Work instructions -
The task calls for an exact retyping of the lines from the one holding "shiitake mushrooms as a superfood" through the end of the listing, with pictures omitted and nothing added.

Dataset extract -
※
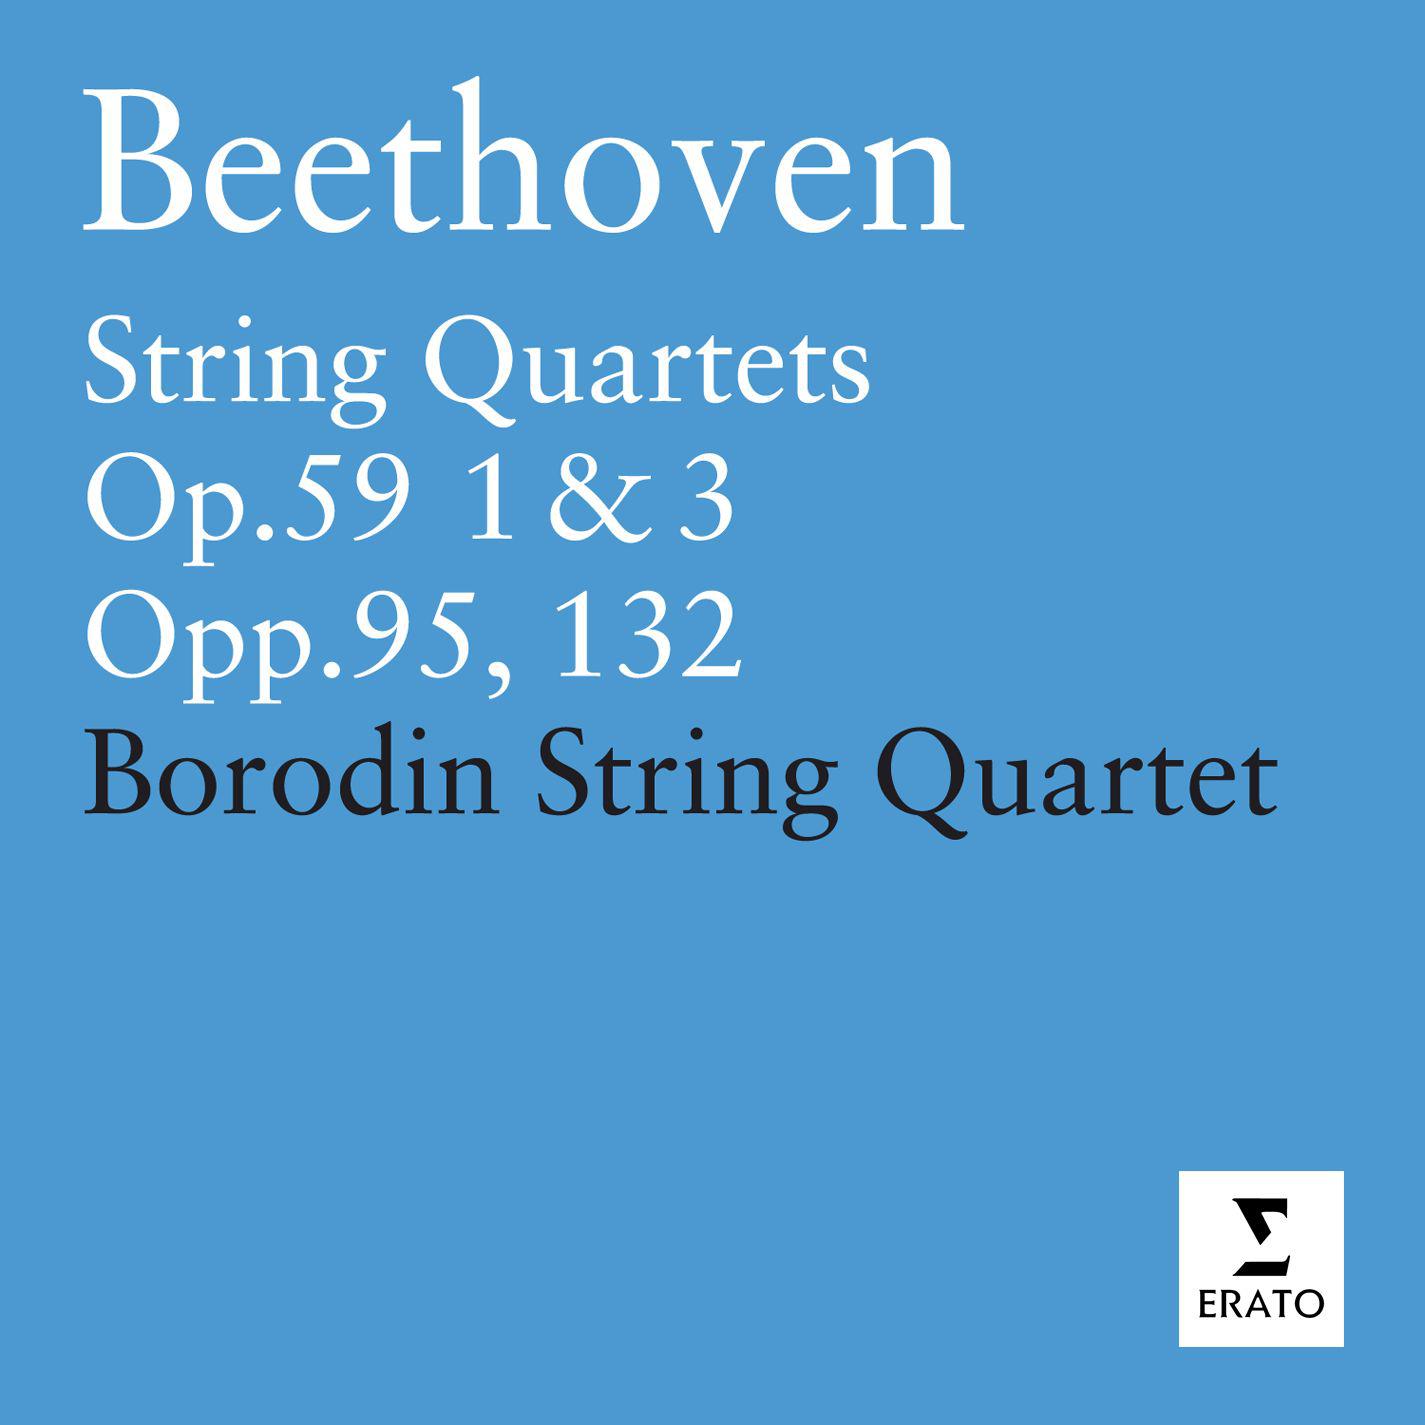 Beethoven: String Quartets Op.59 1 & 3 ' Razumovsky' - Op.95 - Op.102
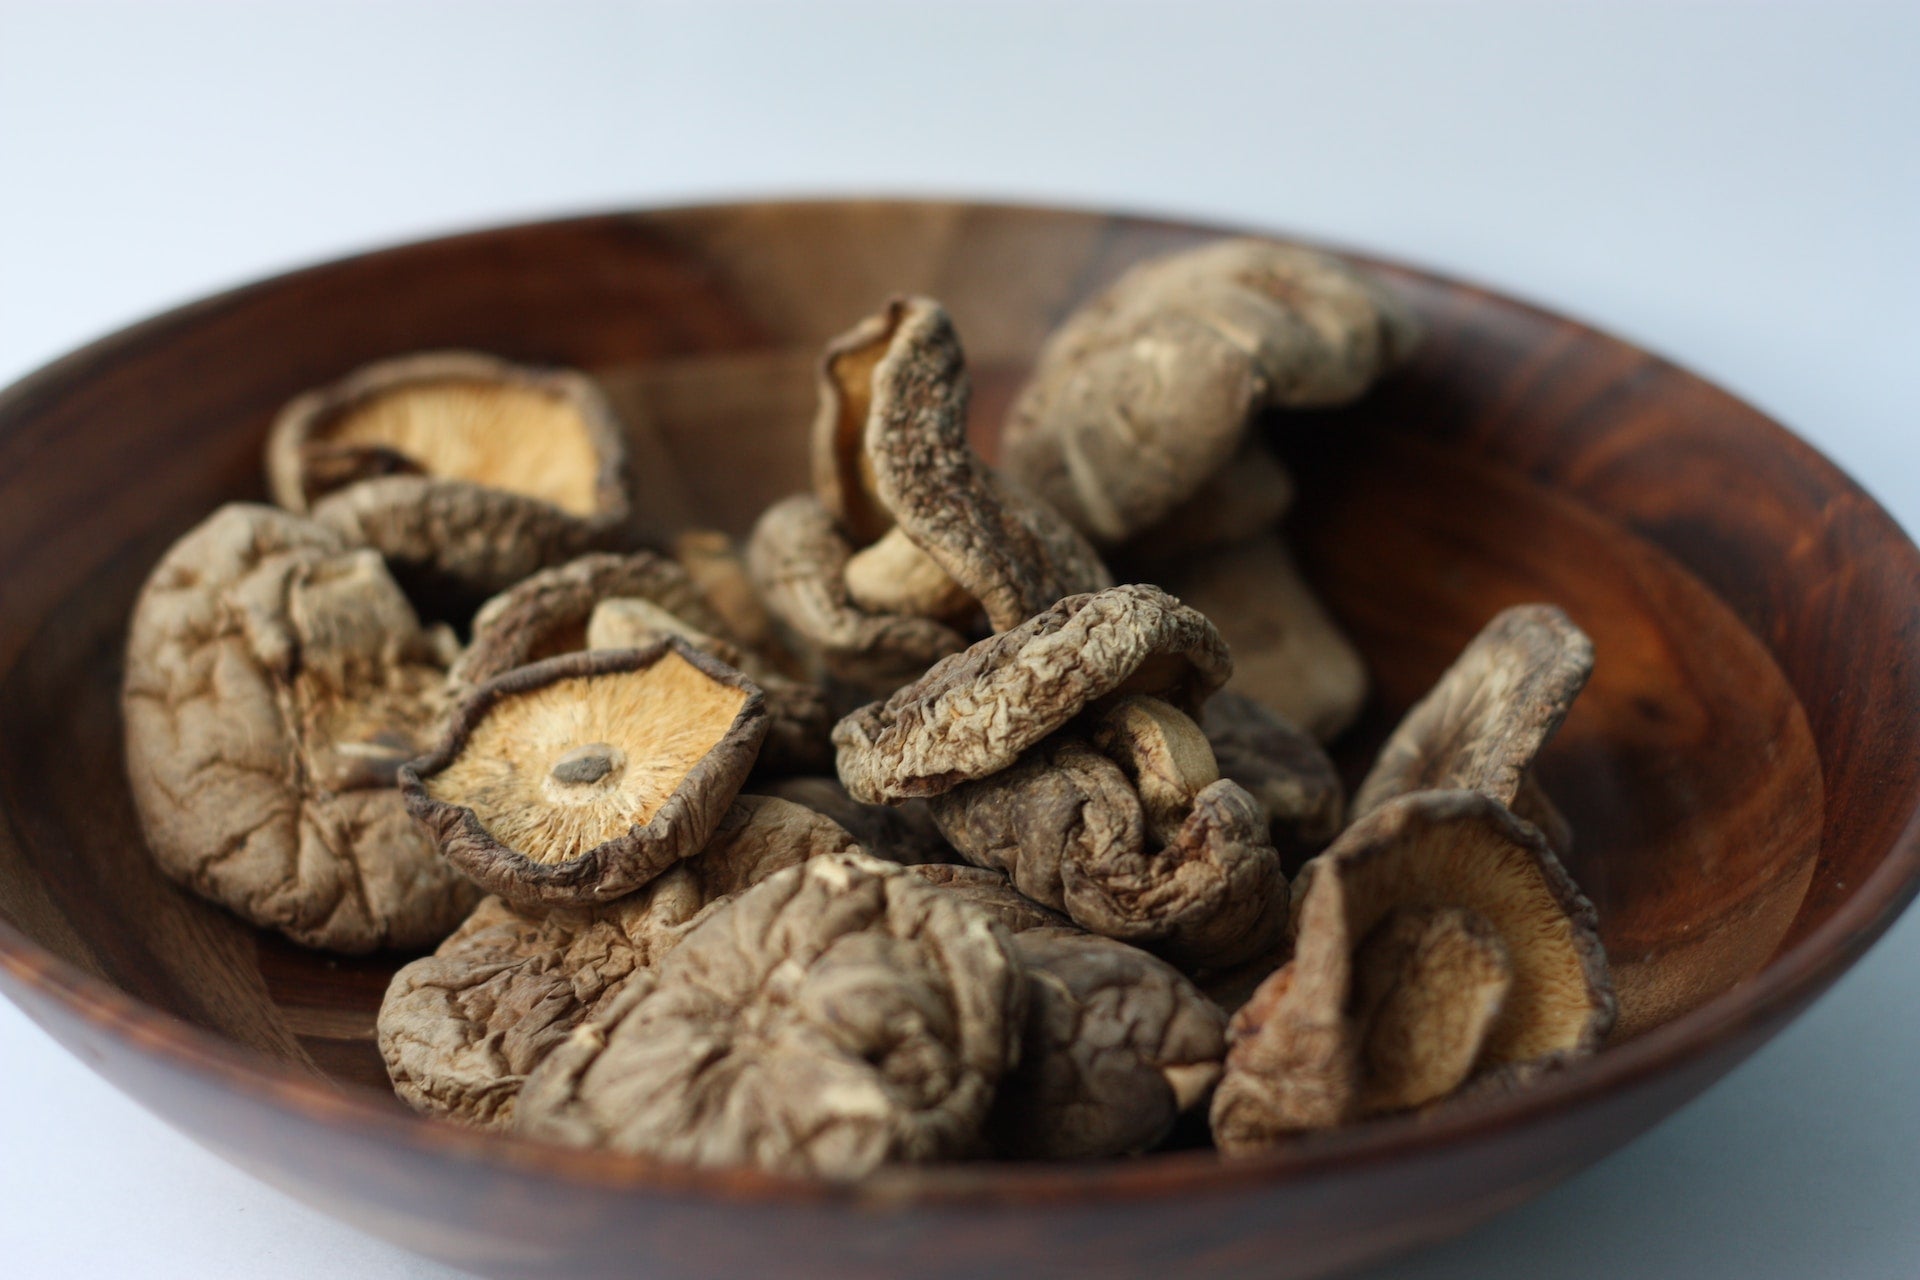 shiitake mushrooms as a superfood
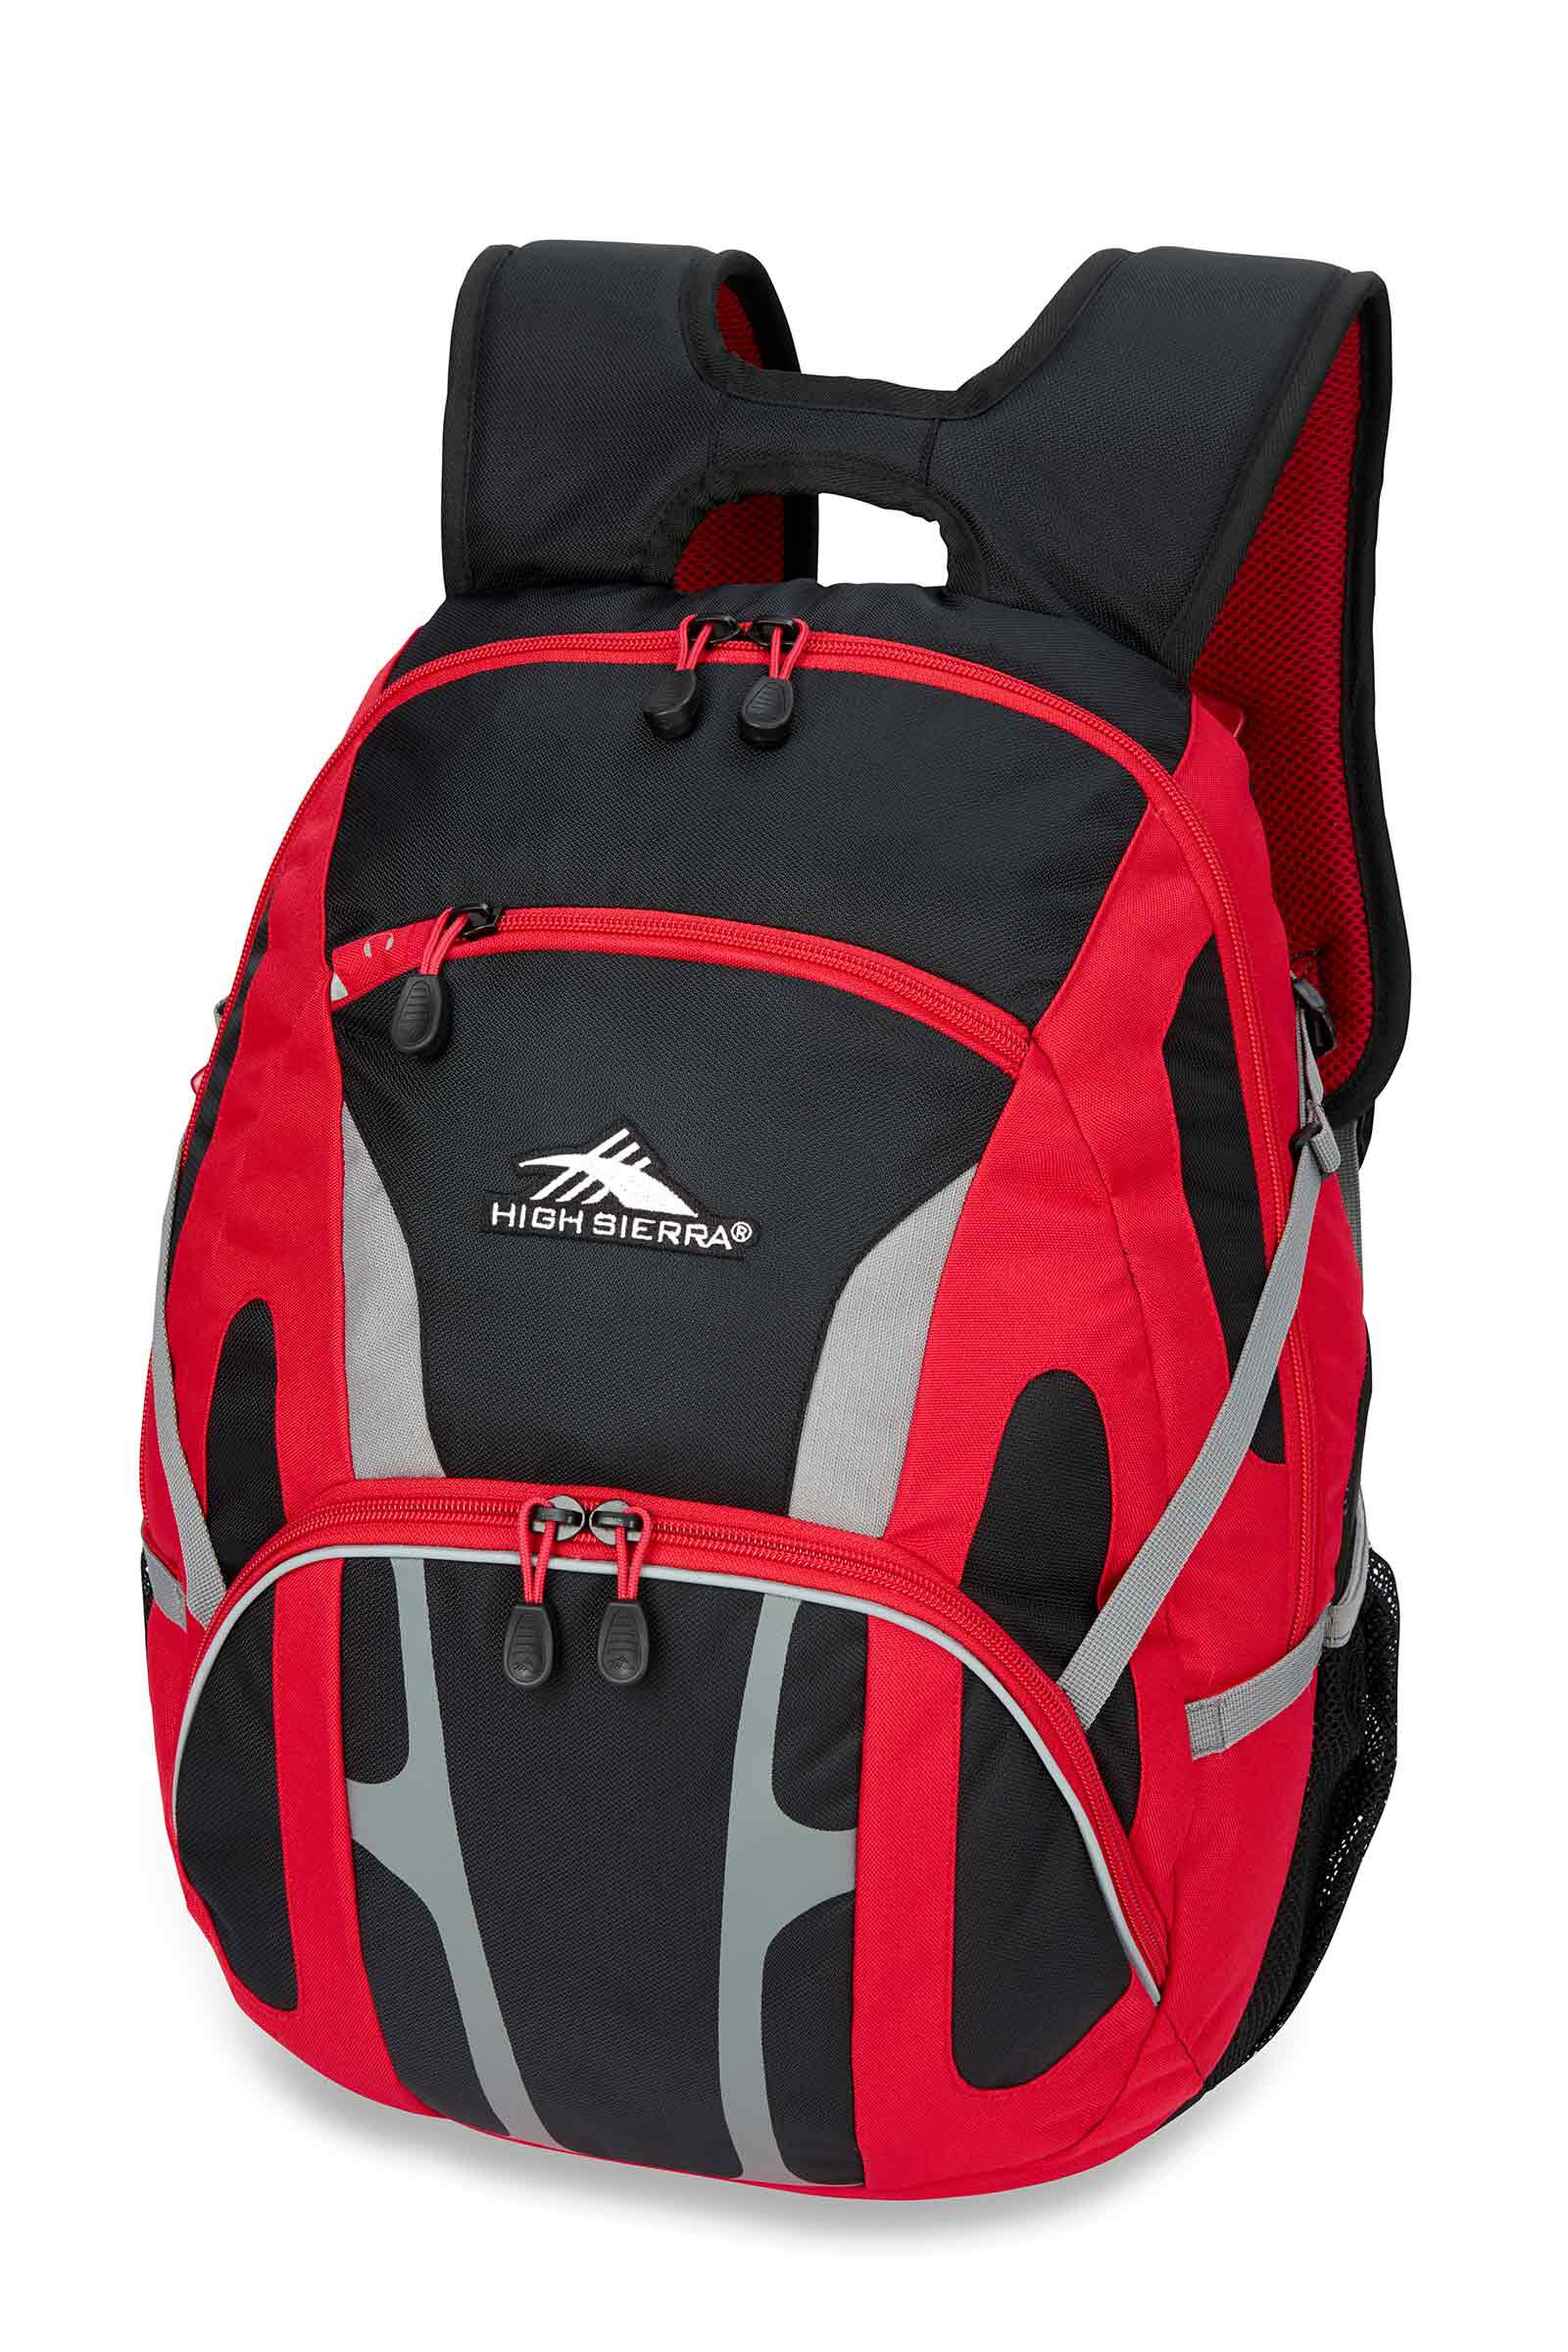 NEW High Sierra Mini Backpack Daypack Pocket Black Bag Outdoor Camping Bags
※
Your response -
 shiitake mushrooms as a superfood
 NEW High Sierra Mini Backpack Daypack Pocket Black Bag Outdoor Camping Bags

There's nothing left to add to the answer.